Когда Ксения, его светлая Ксюша, слегла и угасла от быстротечной болезни в семьдесят первом, Прокоп, поседевший, но все еще кряжистый, как вековой кедр, вывел детей во двор и сказал:
— Я ухожу. Не в бега, не бойтесь. Я домой ухожу. Вы люди, вы здесь живите, хлеб сейте, внуков рожайте. А у меня дом там, где мох звенит.

И он ушел. В тот самый Медвежий Лог, где когда-то держал в страхе и трепете молодую Ксению. Только теперь он шел туда не прятаться, а умирать.

Его навещали. Сын Мирослав, ставший лесничим, прорубал к отцу тропу раз в месяц.
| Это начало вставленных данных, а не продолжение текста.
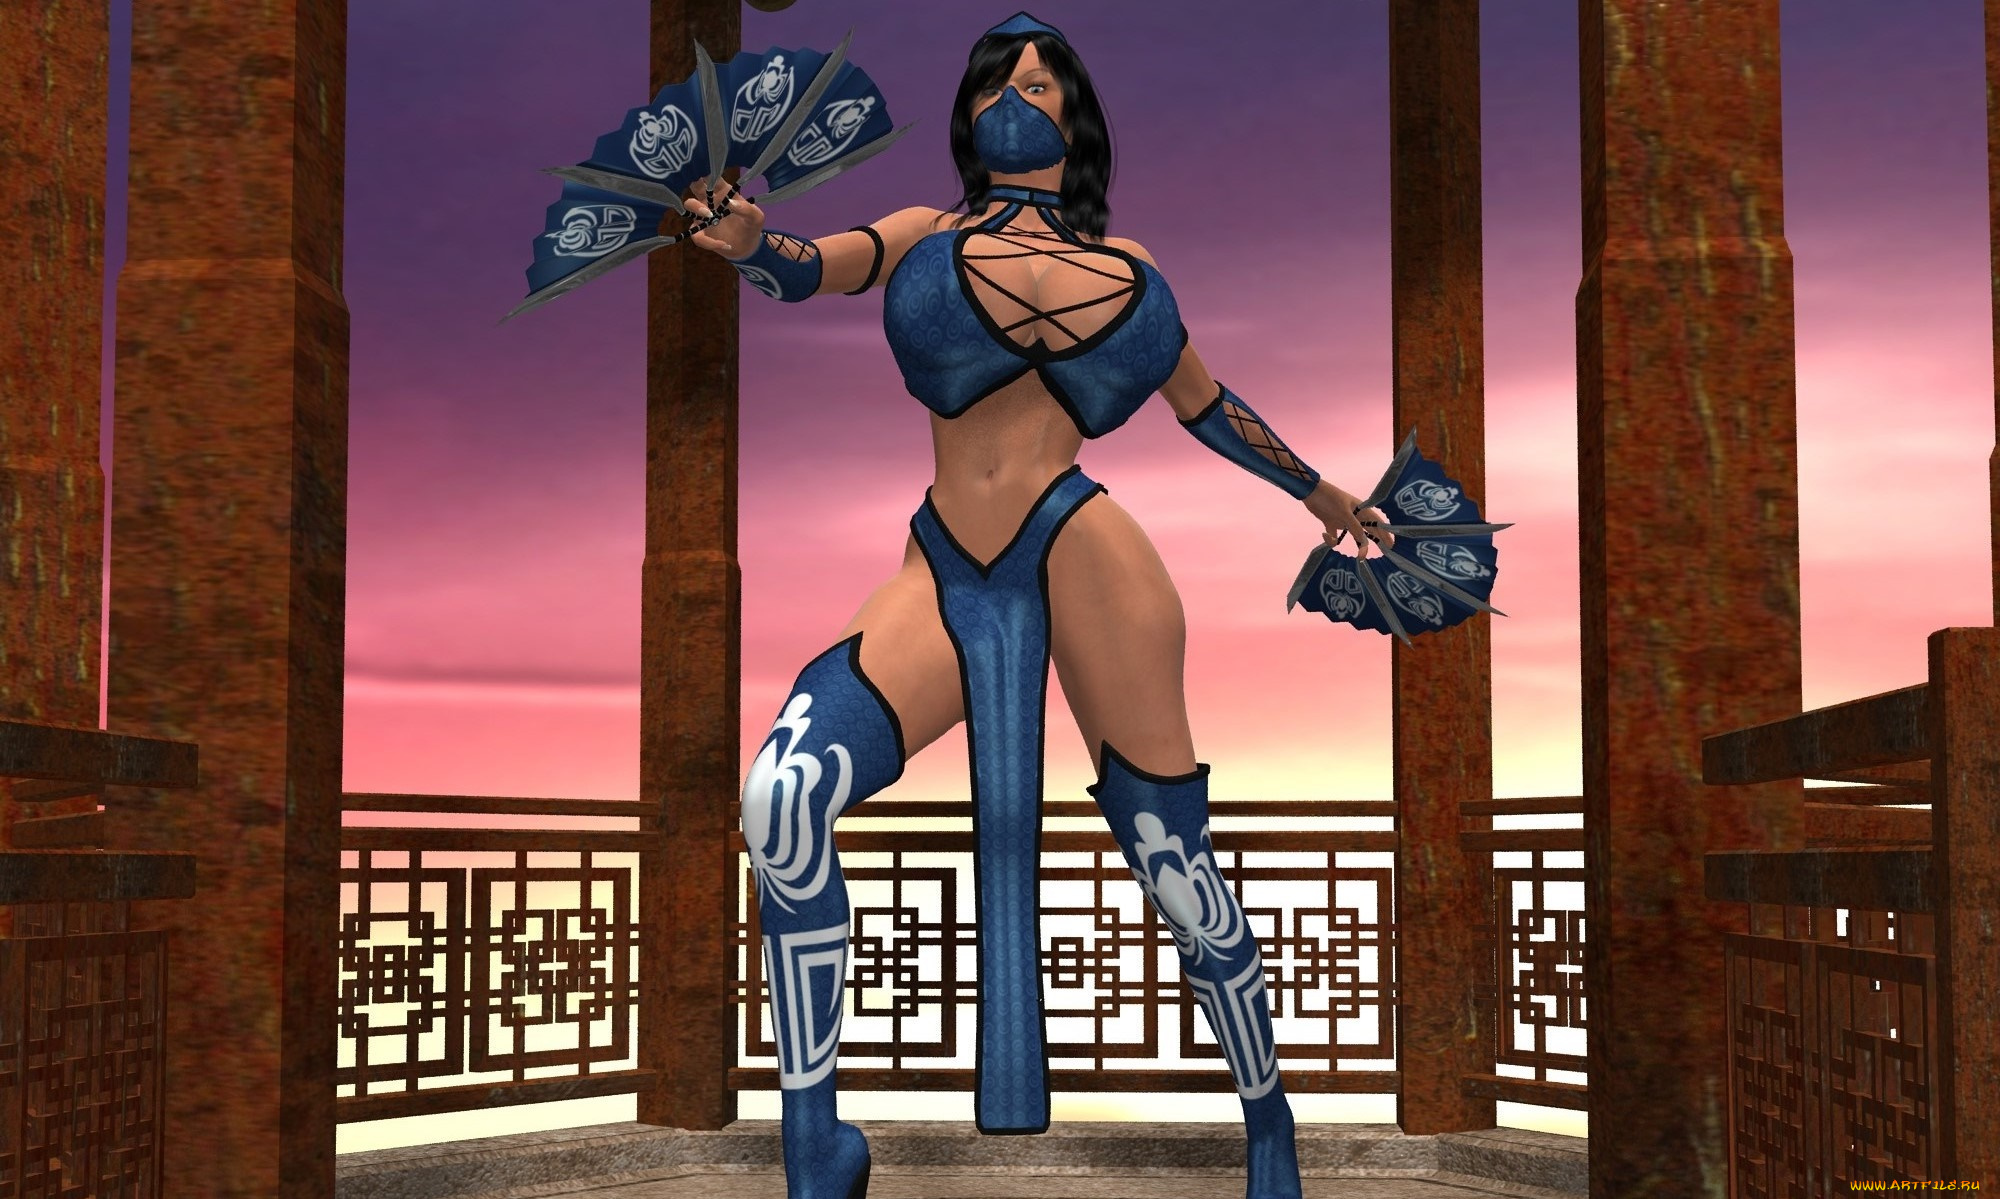 Mortal kombat sex porn henatai video fucking movie

Приносил муку, соль, спички и книги. Прокоп читал запоем, сидя у печки с берестяной трубой. Последний раз сын застал его сидящим на пне у входа в землянку. Была ранняя весна, снег уже сошел, и на проталинах пробивалась яркая зелень. Прокоп смотрел на закат и улыбался.

— Слышь, Славка, — сказал он слабым, но ясным голосом. — А ведь соловьи прилетели. Те самые, которых я сто лет не слыхал. Хорошо поют… И Ксюша где-то здесь, рядом. Ромашкой пахнет.

Через неделю Мирослав нашел отца в той самой «воздушной лежке» на сосне. Старик спал вечным сном, привалившись спиной к шершавому стволу, сжимая в руке пучок уже высохшей полевой ромашки. Лицо его было спокойно и величаво, словно у святого, сошедшего с древней иконы.

Хоронить его в село не повезли. Спустили на землю, вырыли могилу тут же, в Медвежьем Логу, под тремя кедрами, где земля была мягкой и черной от вековой хвои. На кресте, вырезанном из той же сосны, на которой он встретил свой конец, Мирослав выжег простую надпись: «Прокоп Желтков. Жил по совести. Лес любил».

Говорят, что и теперь, в глухую пору, когда луна встает над Великой Топью, в Медвежьем Логу можно услышать тихий свист. Не то птица кличет, не то ветер играет в дупле. Но старые охотники крестятся и говорят: это Прокоп-лесовик свой дозор обходит. Не пугает, нет. Просто следит, чтобы никто по-глупому не сгинул в его владениях и чтобы ромашка на могиле у Ксении всегда цвела вовремя.